Chapitre 1 : La lumière du vendredi matin
Il existe dans l'univers des milliers de corps célestes qui dérivent sans jamais se frôler. Pendant des mois, il fut pour moi une étoile lointaine, un astre dont la lumière ne parvenait pas jusqu'à mes yeux. Il habitait la même galaxie scolaire, respirait le même air sous le même ciel de cour de récréation, et pourtant, il était invisible, perdu dans la nébuleuse de la foule.
Tout a basculé un vendredi matin.
Je sortais de la chapelle, l’âme encore imprégnée du silence sacré du lieu. Je marchais seule, enveloppée dans mes pensées, traversant la cour comme on traverse une étendue déserte. C’est alors que l’orbite de ma vie a dévié.
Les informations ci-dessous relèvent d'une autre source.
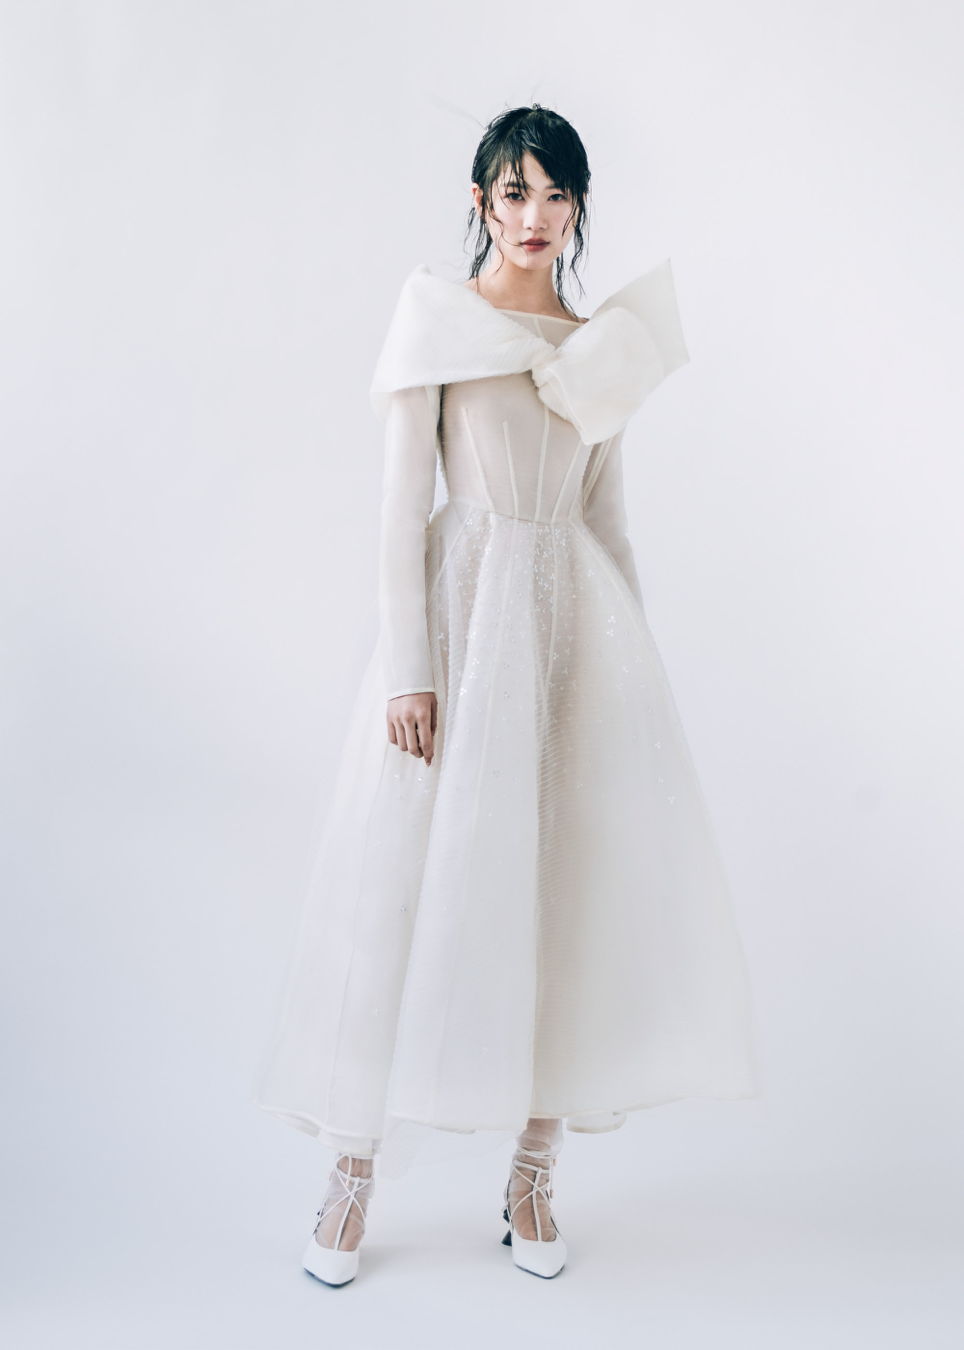 NTK Phương My lần đầu trình diễn ở New York Fashion Week Bridal 2019

Une voix, douce comme un souffle de vent stellaire, a murmuré :
— Bonjour.
Ce mot n'était pas un cri, c'était un murmure, une vibration légère qui a résonné dans l'air frais du matin. Je me suis arrêtée, le temps d'un battement de cœur, pour lui rendre son salut. Il a cherché à ancrer l'instant, me demandant si j'allais bien, ses yeux cherchant sans doute un reflet dans les miens. Mais ce matin-là, mon cœur était une planète fermée, protégeant son atmosphère. Je ne lui ai laissé ni le temps de s'expliquer, ni l'occasion de graver son nom dans mon esprit. J'ai repris ma marche, fuyant cette lumière soudaine.
Pourtant, la mécanique céleste est implacable.
Depuis ce bref échange, le hasard semble avoir disparu pour laisser place à une étrange loi d'attraction. Là où mes yeux ne rencontraient que du vide, je ne vois plus que lui. À chaque tournant, à chaque battement de cloche, nos trajectoires se croisent. Il est là, omniprésent, comme une constellation que l'on vient de découvrir et que l'on ne peut plus s'empêcher de fixer dans la nuit noire.
Dire qu'il était là depuis l'origine, brillant dans l'ombre sans que je ne l'aperçoive. Il a suffi d'un simple "bonjour" pour que l'invisible devienne mon soleil, et que ce vendredi matin devienne l'aube d'une histoire que je n'avais pas vue venir.